Get Off My Lawn ... no, wait, I don't have one

Like many anti-Trump Americans (I suspect), I watched the attempted insurrection at the capital unfold online with an odd combination of "I can't believe this" and "I kind of expected this all along." When I saw the first videos highlighting the less-serious aspects of the event, with people wandering around admiring the sights the way my classmates and I did during our eighth-grade field trip to DC, and for a moment I was tempted to criticize them the way my adult self would criticize actual eighth-graders engaged in something cataclysmically stupid ... until I realized not only was everyone a full-fledged adult, but many were even older than me.

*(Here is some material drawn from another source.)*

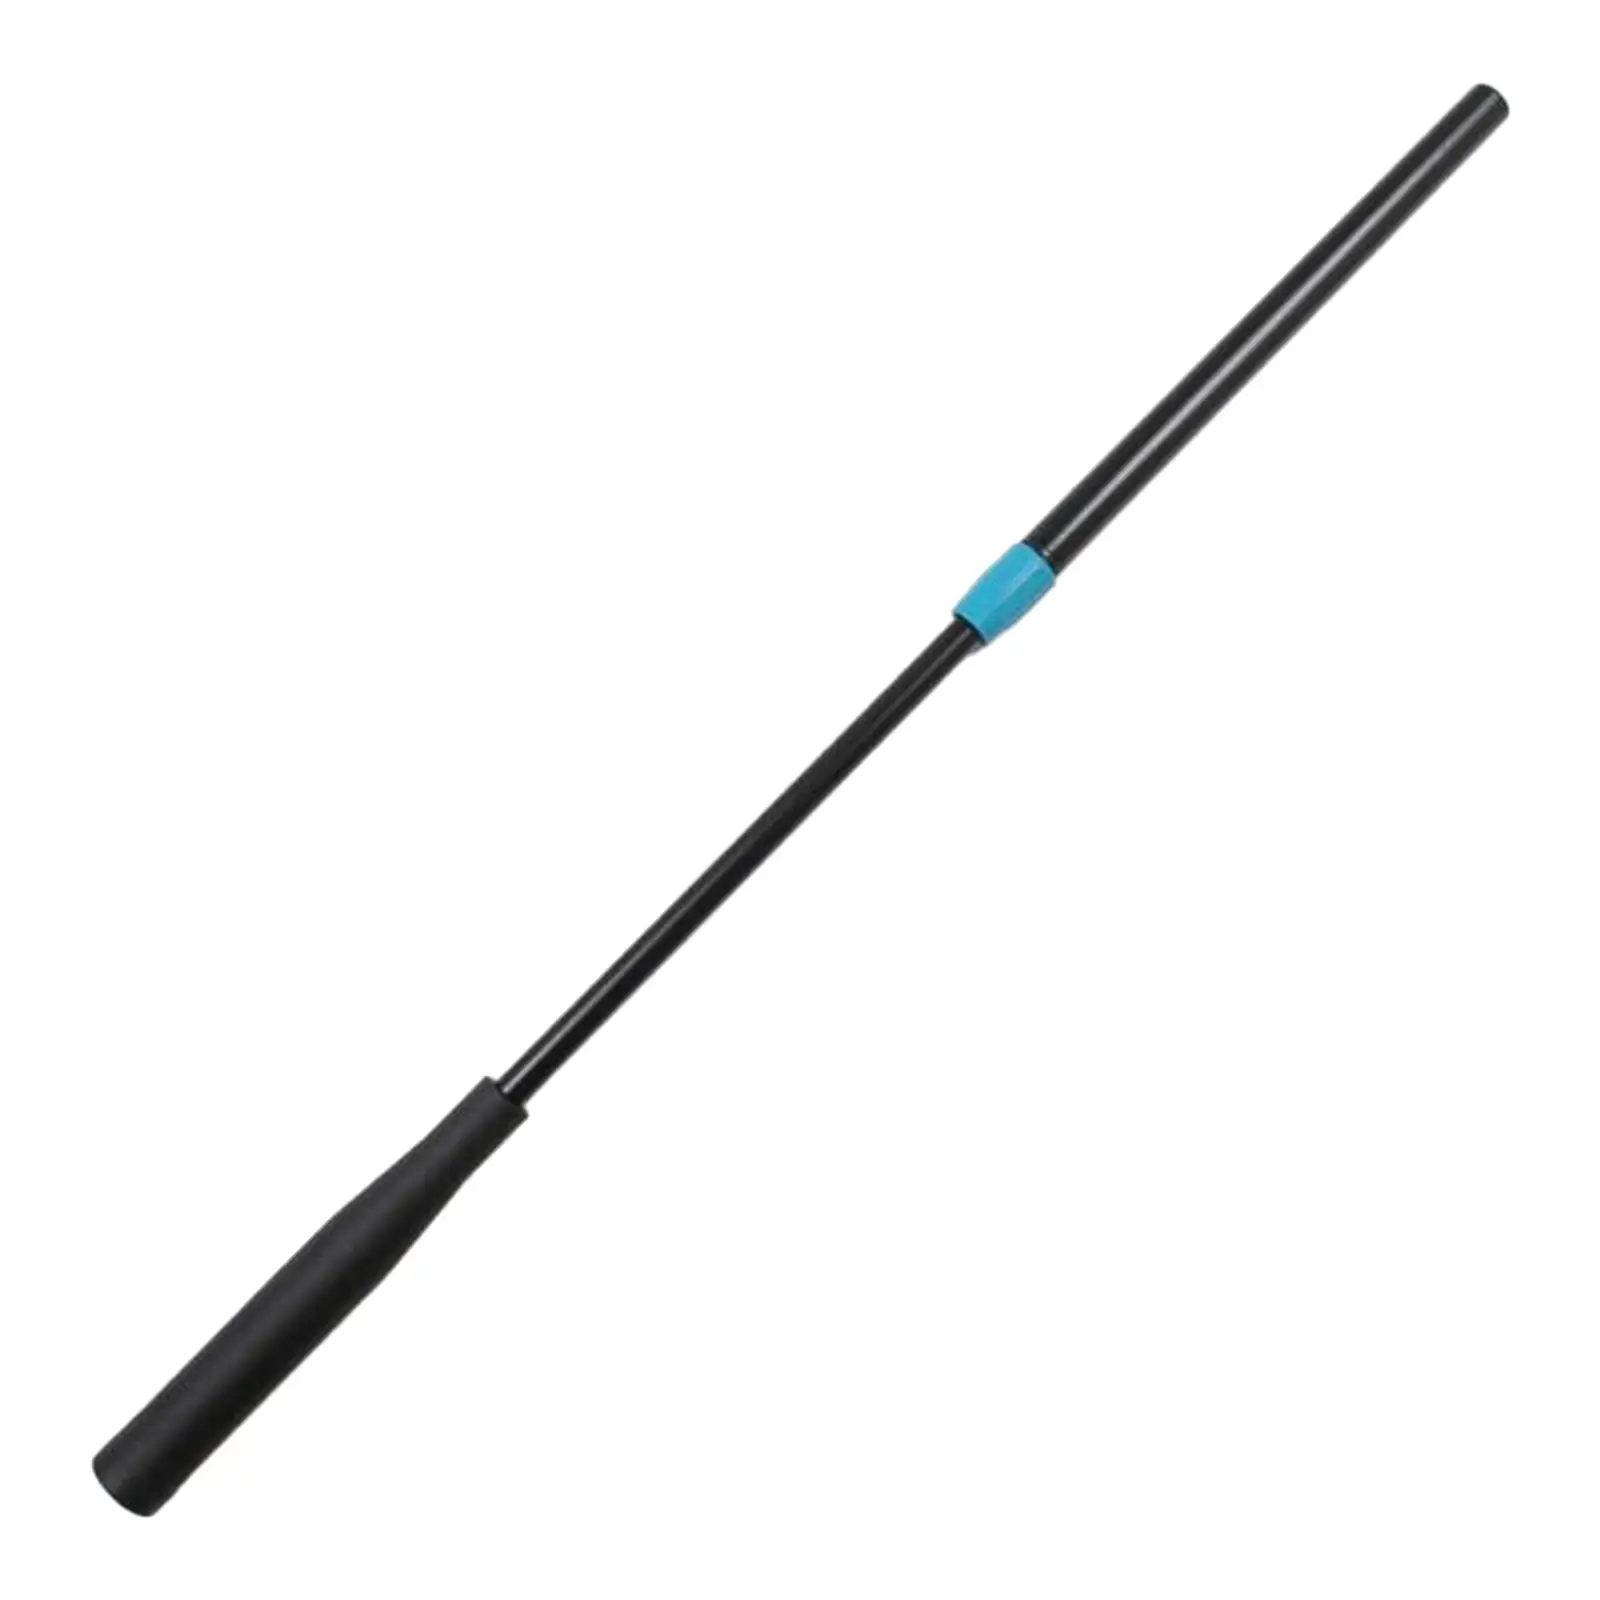 Snooker Pool Cue Extension, Professional High Strength Tool, Telescopic Billiard

You almost have to admire such firm commitment to principle, though: imagine being so committed to the whole anti-mask-wearing "covid 19 is a hoax" narrative, you refuse to cover your face even when you're engaging in felonious acts on federal property and know you're being recorded.

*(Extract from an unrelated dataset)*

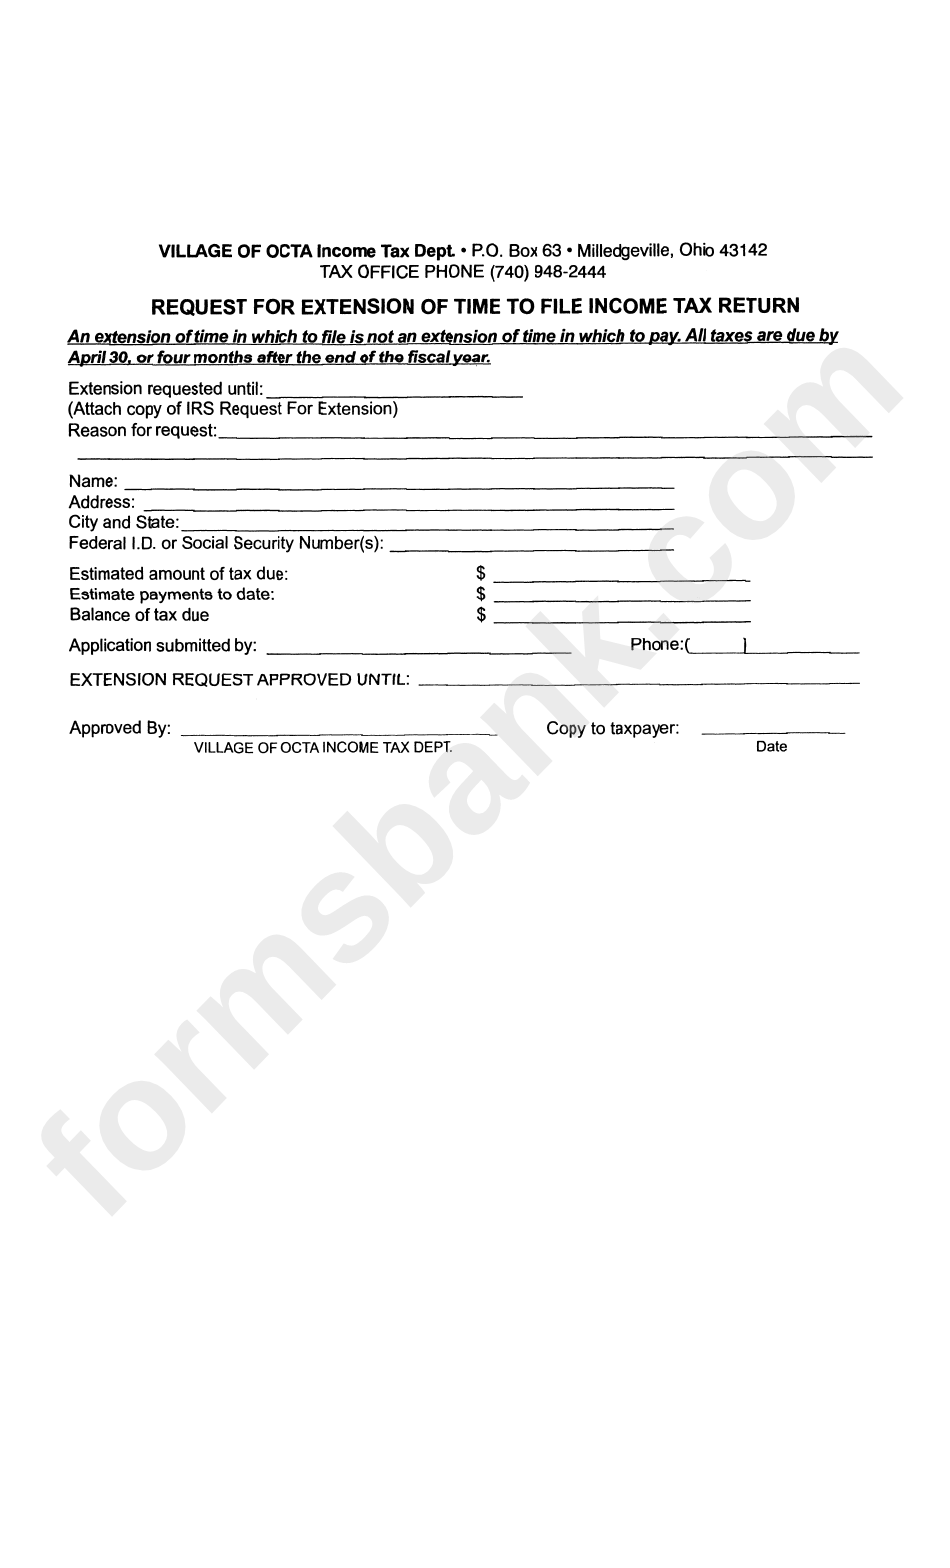 Request For Extension Of Time To File Income Tax Return Form - State Of Ohio

I would never try storming the capitol or similar things, of course, but if I did I would try to do so in a non-idiotic way where I have at least a hypothetical chance of getting away with it. For starters: wear a damned mask (and be glad this is the first time in literally my entire life where wearing a face-obscuring mask is legal and not even considered weird). Leave my phone, GPS and all other tracking devices at home (or at least in my DC hotel room; if the FBI talked to me later, I'd admit I went to the city but claim I missed the rally because I had another flare-up in my medically documented, "I got scrips for this" chronic-pain condition). Wear mirror sunglasses big enough to cover all of my face not hidden under the mask. Pin up all of my unusual-looking hair and hide every last strand of it under a sung-fitting hat. I'd even buy new-to-me clothes and shoes in styles and colors I usually never wear (including the hat, mask and big mirror sunglasses), and throw them all away as soon as I was done. And likely a couple more things I can't think of right now, but would if I actually took the time to plan a public outing where I'm doing something super-illegal. But I definitely would not run around taking selfies and giving video-recorded interviews to people.

On the other hand, a lot of them probably thought their actions were okay, since the President of the United States supported them. And a lot more clearly didn't think much at all.